- Created by: Burt Wheeler, Sharon Sussman
- Directed by: Joe Carolei
- Presented by: Nick Spano Valarie Rae Miller
- Country of origin: United States
- No. of seasons: 1

Production
- Producers: Gary Ponticello, Lynne Spiegel Spillman
- Running time: approx. 22-26 minutes
- Production company: Wheeler-Sussman Productions

Original release
- Network: Syndication
- Release: September 9, 1997 – September 1998

= Peer Pressure (game show) =

American television game show

Peer Pressure is an American television game show. Youth contestants perform stunts and answer questions about moral dilemmas. The show aired in syndication from 1997-1998 in first-run, and was hosted by Nick Spano and Valarie Rae Miller.

==Gameplay==
Three youths, ages 12–17, compete in a game based around moral dilemmas and stunts. They compete on a set resembling an oversized board game, and attempt to progress furthest on the game board. One at a time, each contestant determines moves via a Magic 8 Ball, which reveals a type of activity (a stunt or a moral-based question) and the number of spaces the contestant can move upon a correct answer or completion of said stunt. The board also features "go ahead" and "move back" spaces.

===Activities===
Four different activities are possible:

- Decision – The contestant and a "Peer Group" (a jury composed of about 10-12 teenagers in the studio audience) are read a moral dilemma-type question (e.g., "She's a really pretty, petite young blonde, but often wears plain white T-shirts and blue jeans to school because that's what she likes to wear. Does she turn you off because she dresses like a tomboy?") The contestant, without knowing how the Peer Group voted, supplies an answer, and progresses if their answer matches the group's consensus.
- Odd Job – The player performs a stunt (such as sorting clothing by type into the appropriate laundry basket), and has to meet the goal in a time limit to move.
- Temptation – A prize is described. The contestant can take the prize and accept a two-step penalty, or pass it up and advance. If the contestant takes the prize, it is theirs to keep regardless of the outcome of the game.
- Fast Track – Similar to "Odd Job", except the stunt is more difficult and always worth eight steps (e.g., preparing three banana split sundaes on a moving conveyor belt within a time limit). Failing to complete the task awards a two-step move as consolation.

After each contestant has taken a turn, the host asks a "Pop Quiz" question. Correct answers allow that player to advance three spaces, while a wrong answer (or failing to answer) offers a three-step penalty. Gameplay continues until time expires.

In the final segment of the game, the two higher-scoring contestants of three compete in the "Pressure Cooker" round. The goal is to correctly guess the outcome of yes-or-no questions asked of the in-studio peer group. The first contestant to correctly guess three times wins a prize package.

==Production==
Peer Pressure was hosted by Nick Spano and Valarie Rae Miller. It was created and distributed by Wheeler-Sussman Productions, also the creators of Singled Out. The show recorded at the Production Group Studios in Hollywood, Los Angeles.

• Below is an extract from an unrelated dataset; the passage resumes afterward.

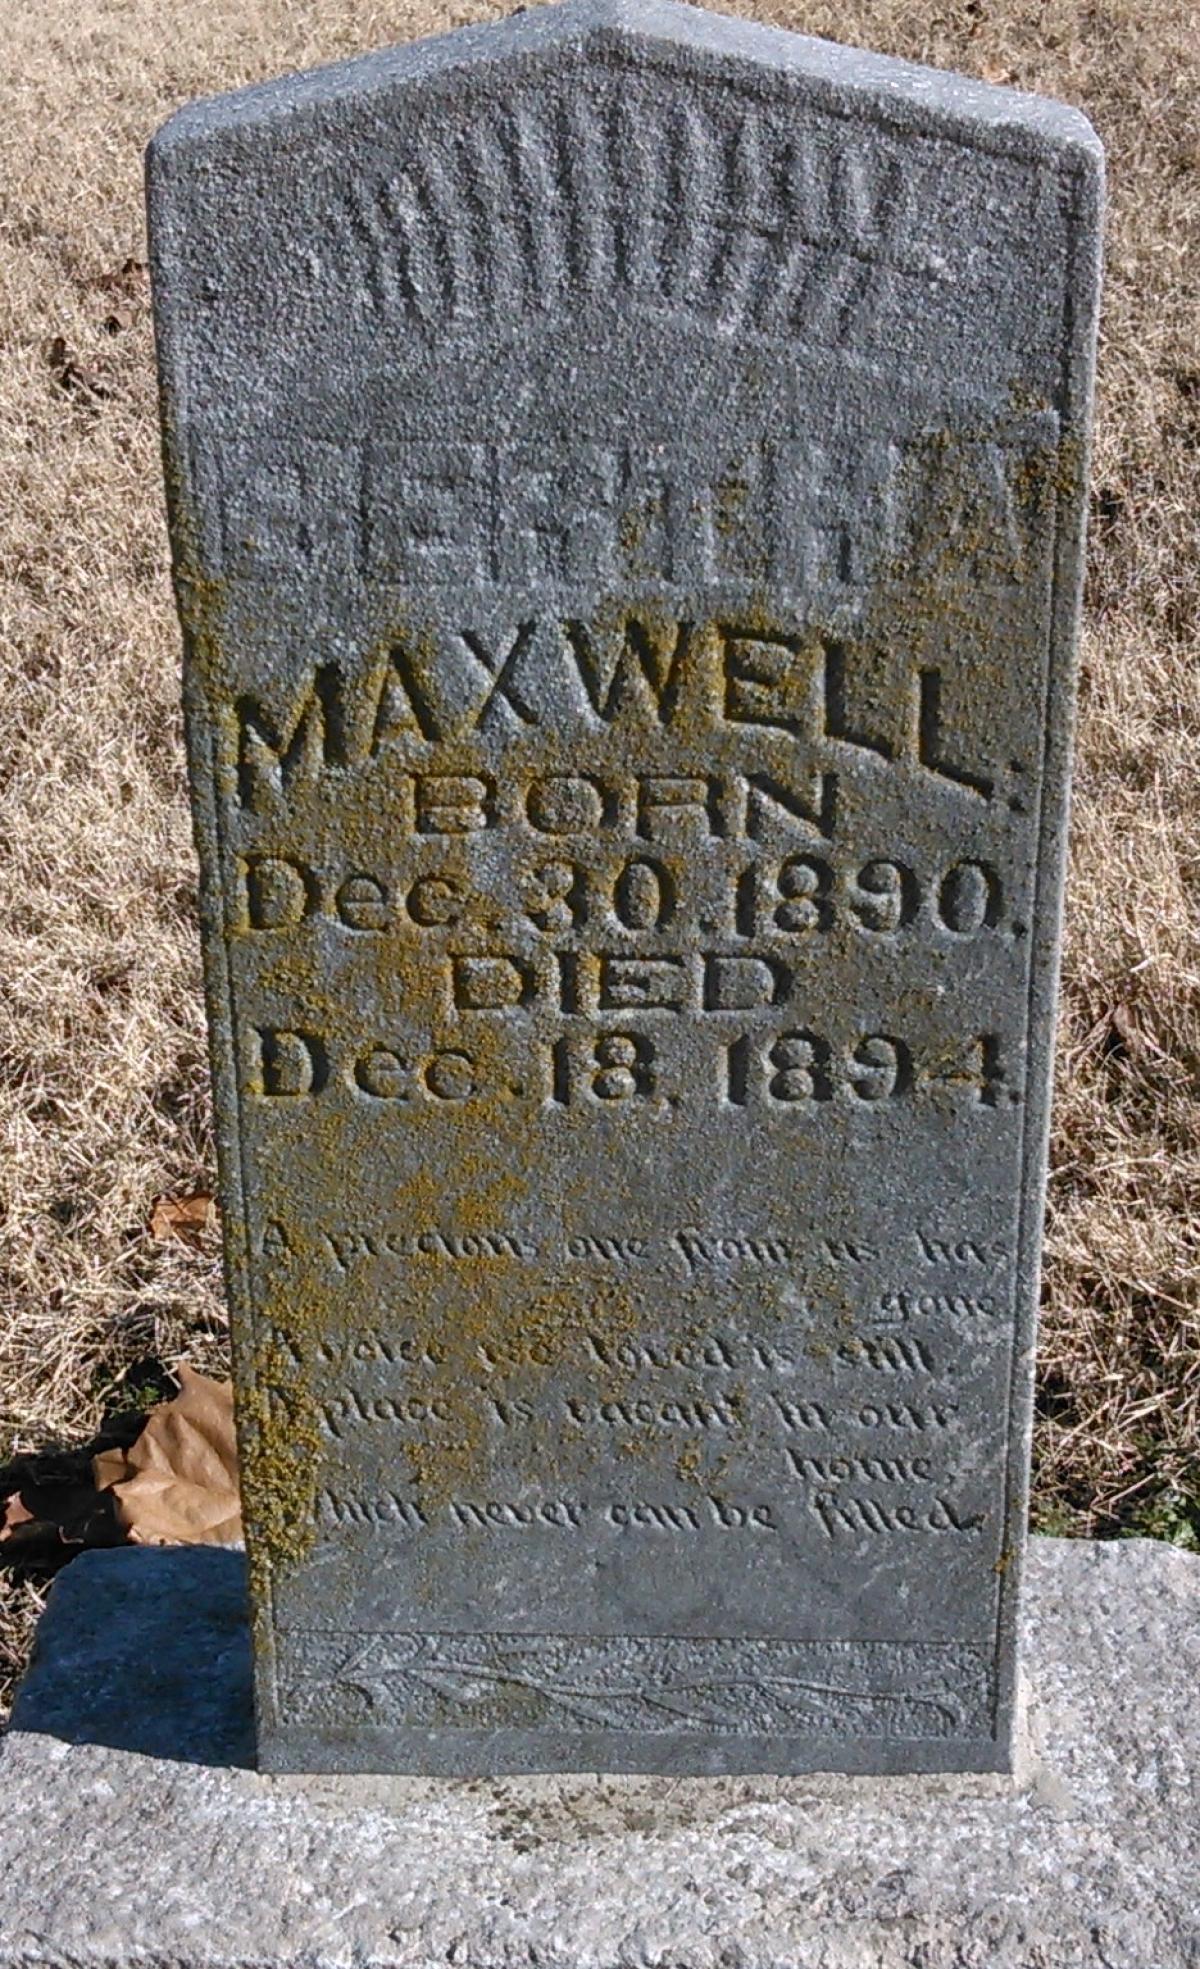 OK, Grove, Buzzard Cemetery, Maxwell, Bertha Headstone

While no further episodes were produced after early 1998, reruns would continue for the 1998-99 season, with onscreen Pop-Up Video-style graphics added to highlight certain moments during the episodes, and the "Magic 8 Ball" was replaced by generic category graphics. For the 1999-2000 season, the reruns were paired with new entry Pressure 1, now airing under the title Pressure 2, with all mentions of the word "peer" edited or muted from the episodes.